The network companies rely on the fact that most companies don’t have the labor or expertise to use white label solutions. But that doesn’t disprove the point. That proves the point that the state of hardware is “super cheap components provide all the switching and routing performance and memory needed for almost 99% of networking purposes.” Companies like Cisco are playing the Intel +25Mhz game. Supposedly disrupting companies do so at an awfully measured pace. And the network staff generally will open up to off brand switches but start to shy away at routing, especially edge routing.

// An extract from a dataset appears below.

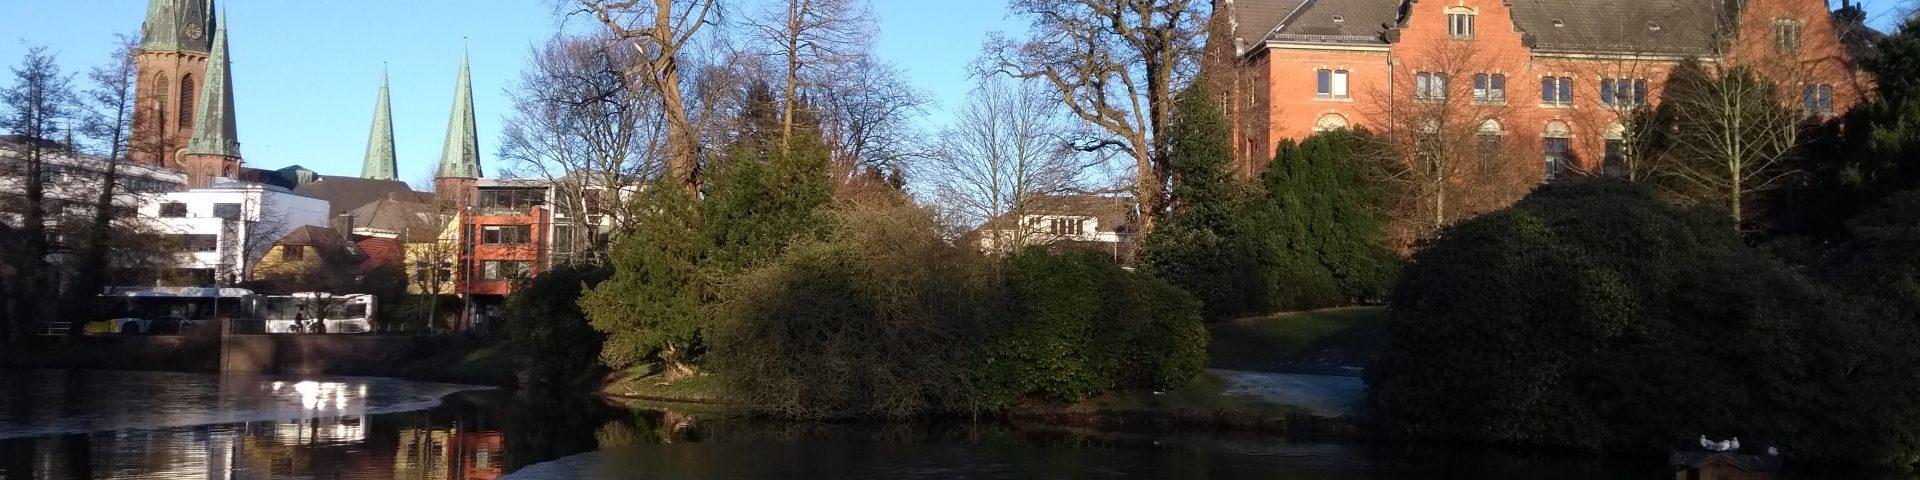 Schlossgarten in Oldenburg

As an industry, networking needs to be disrupted and it needs a severe model change. People involved in networking need to get on board, and those who don’t and insist on fighting for the status quo need to be left behind.
I don't think it's any defense - it's plain fact. You're going to have to interopate with other networks. BGP is the protocol franca for doing so (until another rolls along). You can draft a spec, or add capabilities to BGP, but at some point your network needs to speak the same language as others or it's just an island.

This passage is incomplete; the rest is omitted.